In the performed experiment, the average score of the experiment participants was 38.10% (see Table 5). In comparison, in the original FPCT, the average score percentage of the test participants was 33.44%. Therefore the results of our experiment participants were slightly higher.

One issue with the performed experiment was that the questions for the prediction task were in fact past events for the laypeople. Therefore, although the questions were very specific, meaning it was not likely that the participants knew or remembered the events, there was always a chance that some of the experiment participants might have already known the unfolding of the events in question and use this knowledge in their advantage. Therefore just in case, we also warned the experiment participants that in answering, they should use only the knowledge provided in the FPSS.

Although participants of our experiment obtained higher scores than the participants of original test, the improvement was not large. However, as the major contribution of our method for future prediction support the following can be considered. Even if we acknowledge that the improvement was not sufficient, and that our subjects performed similarly to original participants, our subjects made their decisions based only on about thirty specifically extracted FPSSs and were given only a short time for decision, whereas the original participants had over one year term for preparing the answer, unlimited access to all available data and receiving to help from any other people including experts.

It indicates that accurately extracted future reference sentences are useful in prediction of future event unfolding for people who have no knowledge regarding those future events. Hence, supporting future prediction with FPSS for specific topics can be considered at least as efficient as collecting available information by oneself for one year time. 5

Prototype Method for Automatic Future Prediction

In this section, we describe and validate a prototype method for prediction of future event unfolding. In the validation experiment we aim to perform the previous task – described in Section 4 – fully automatically.

5.1 Method Description

We developed the prototype method for automatic future prediction to analyze the questions from the Future Prediction Competence Test used in previous experiment. Although the method can be adapted to analyze any content, in this research we limited its functionality to the existing data to make the evaluation possible and as objective as possible.

The method consists of following steps. 1. Building an optimized model for Future Reference Sentence (FRS) extraction (Section 3.3), 2. Extracting topic keywords from questions about future unfolding of events (Section 4.2), 3. Applying the FRS extraction model and the topic keywords to extract FRS related to question from a limited corpus data, 4. Train a new event-topic-specific model on the extracted topic-related FRS, using the method for Automatic Extraction of Future Reference Sentences (Section 3), 5. Analyze answers to the each Question and choose the one with highest score as the correct answer.

5.2 Experiment Setup and Data Preparation

We evaluated the performance of the prototype method for automatic a future prediction. Originally, the evaluation task was that laypeople were to read the automatically extracted Future Prediction Support Sentences (FPSS) related to Questions from the Future Prediction Competence Test (FPCT) and to select those answers to the questions they considered as correct using only the provided FPSS.

The method for automatic prediction takes the human out of the loop in the prediction task.
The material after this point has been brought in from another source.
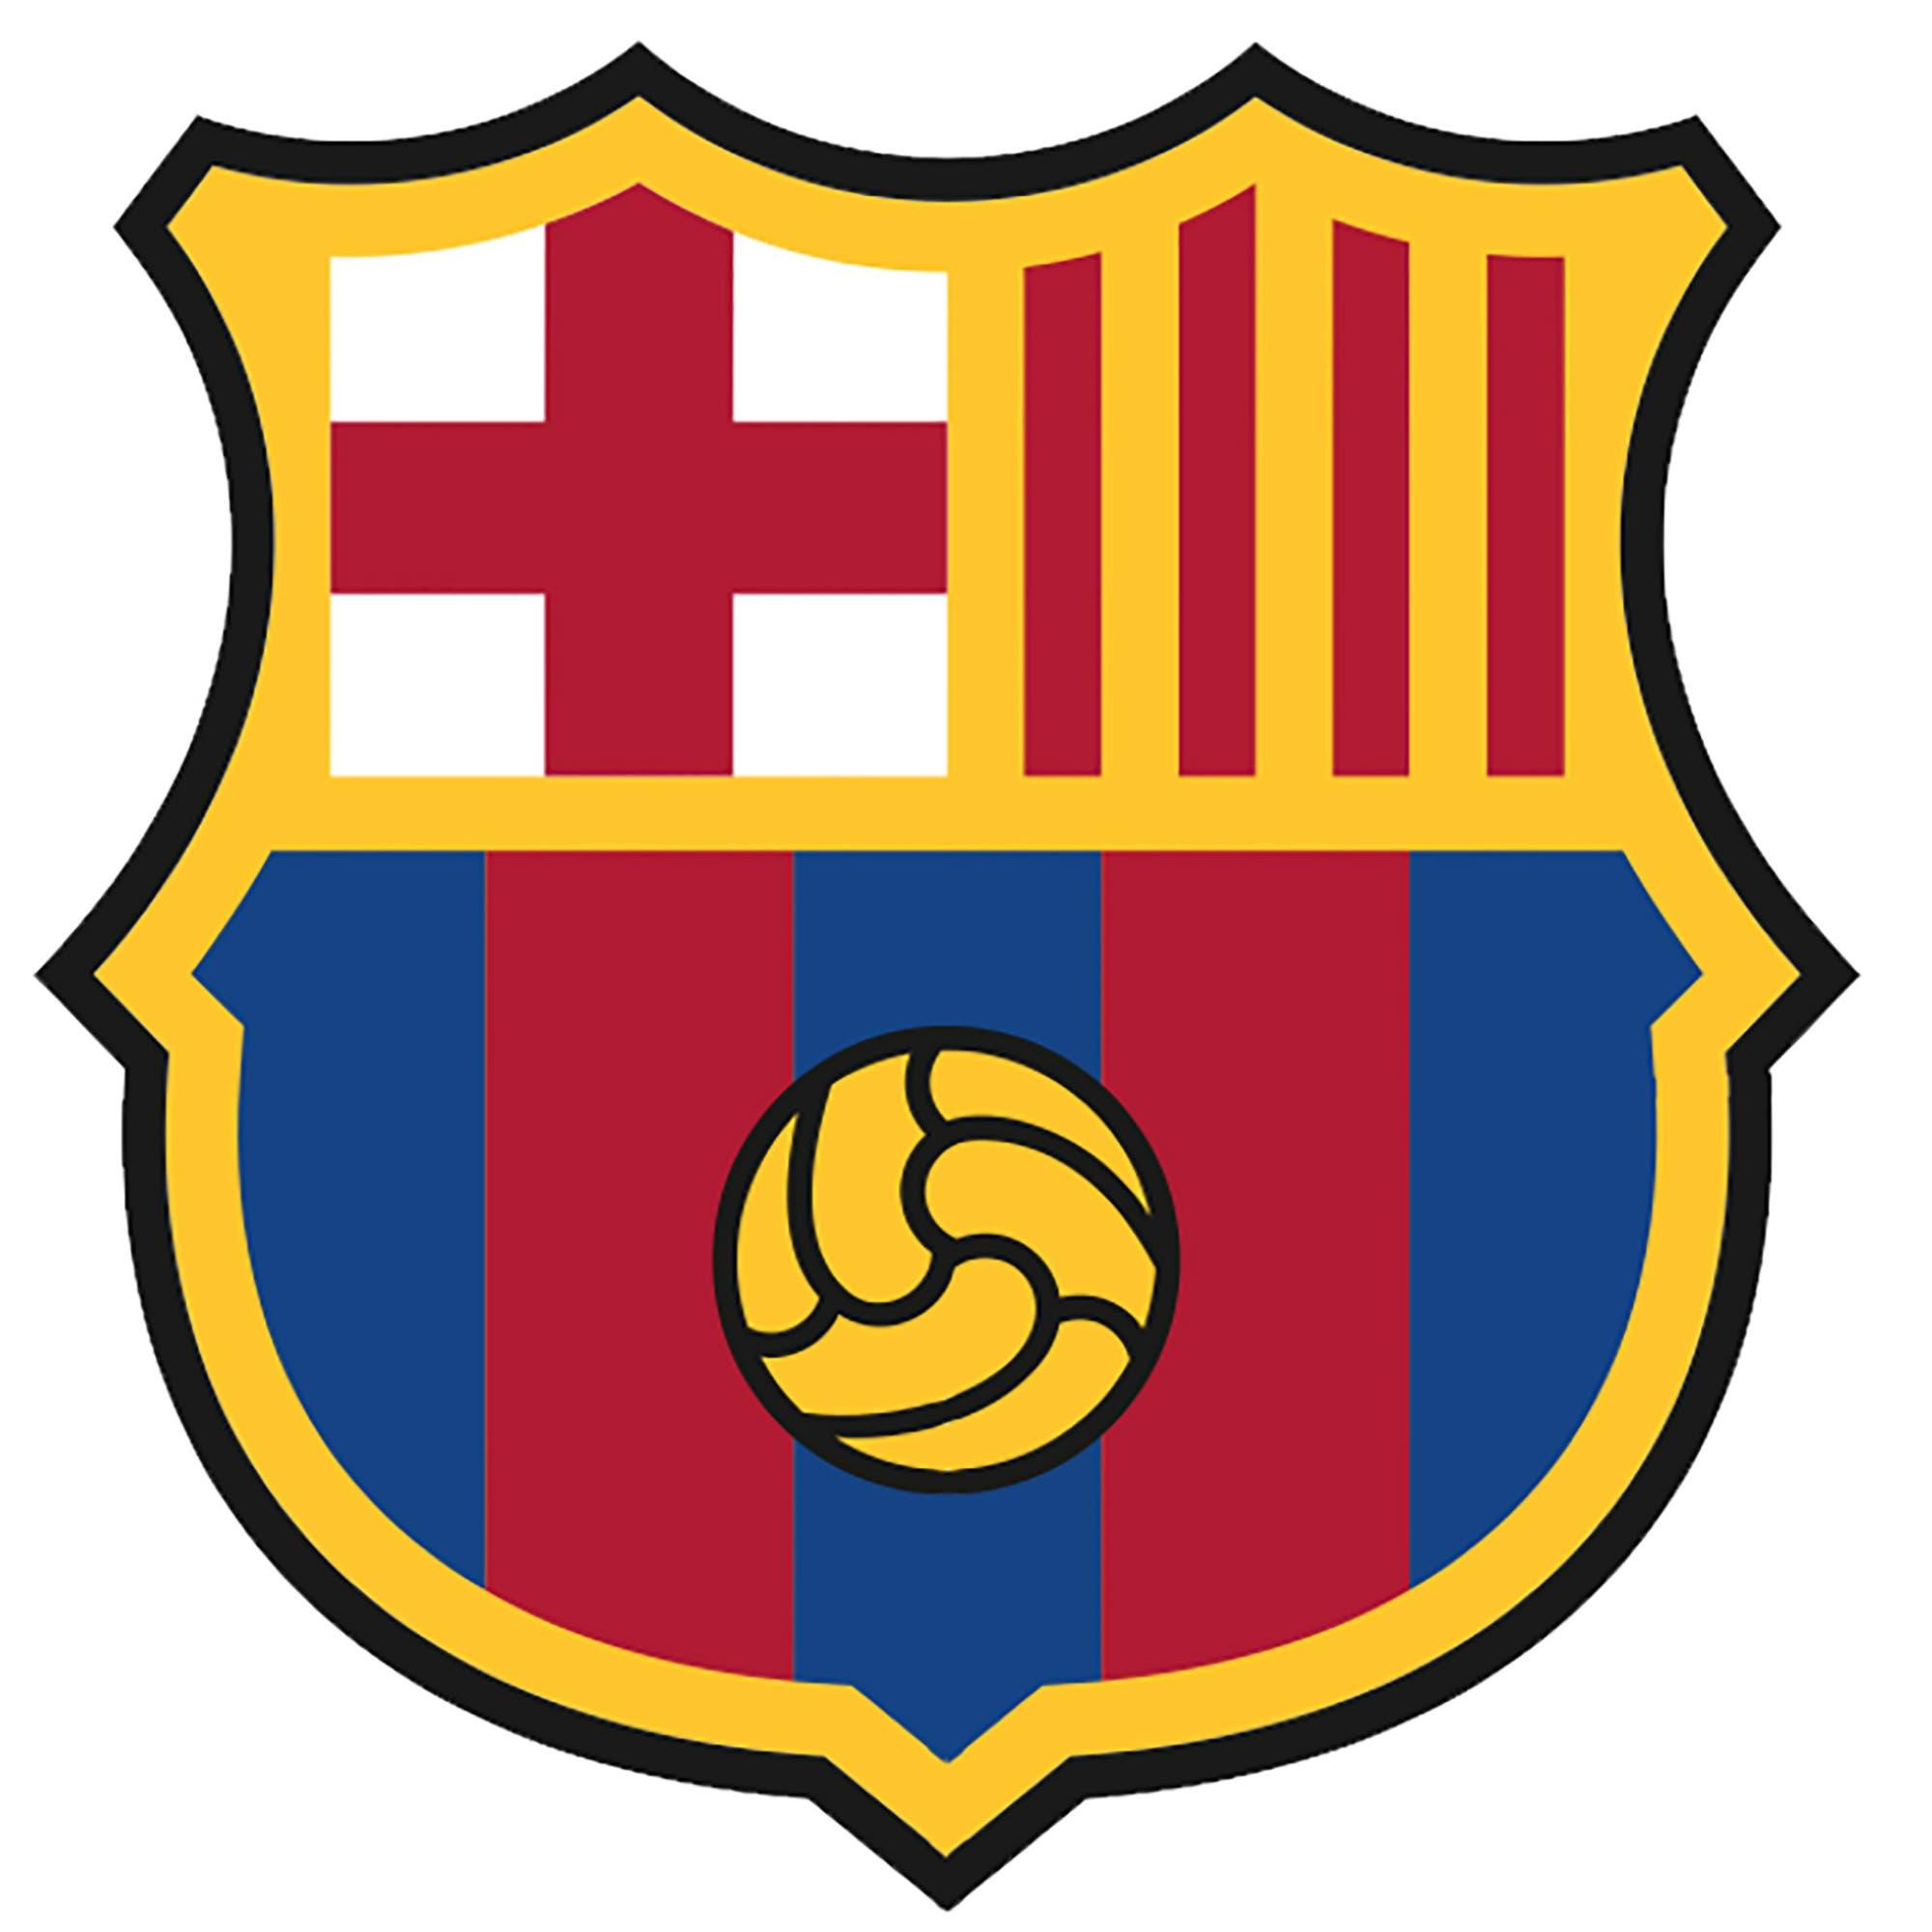 Barcelona renovará su escudo en la próxima temporada: los cambios más destacados

Therefore in practice the method would account for automatically reading through the limited corpus and provide automatic inference regarding answers to the FPCT questions based only on the automatically learned information.

In the evaluation, as the reference corpus for the method for learning we applied the same newspaper corpus as in Section 3.3, but limited to one year, namely 2009, which presumably contained news articles related to the questions.

For each of the questions we used the extracted topic keywords (Table 4) with the fully optimized model (Section 3.3) to extract FRS related to each question. Next, the newly obtained FRS were used as training data to train a new model for each question. Finally, the newly created topic-oriented FRS-based model was used to analyze the answers for each question (see example in Figure 2) and the answer with the highest score was selected as the correct one.

Moreover, in order to analyze the influence of FRS on the accuracy rate of correct answers, we developed two versions of the prototype method.

Ver. 1: Using for training thirsty or less FRS (condition similar to the one under which experiment participants performed the future prediction task in the future prediction support experiment, explained in Section 4), Ver. 2: Using for training all FRSs which scored over 0.98 (condition experimentally selected as optimal for FRS, explained in Section 3.3).

5.3 Experiment Results

To put the developed prototype method in the same standpoint as human participants, in evaluation of the prototype method we adopted the same weighted scoring schema as in the future prediction support experiment (Section 4.2). Namely, for questions 1, 2, and 7 if the prototype method answered correctly, it obtained 3 points for each question. Furthermore, for questions 2–5 if the correct answer was selected by the prototype method as either first, second or third candidate, it was assigned 3, 2 points or 1 point, respectively.

The results of the prototype method for each question were shown in Table 6. An example of scoring of answers for two questions (Q1-1 and Q3), for both versions of the prototype method were represented in Table 7. For each question the answer with the highest score is selected as the correct one.

The version of the method using thirty FRS, obtained the accuracy rate of correct answers 57.14%. It is an improvement of over 20 percentage-points over the results obtained by human participants.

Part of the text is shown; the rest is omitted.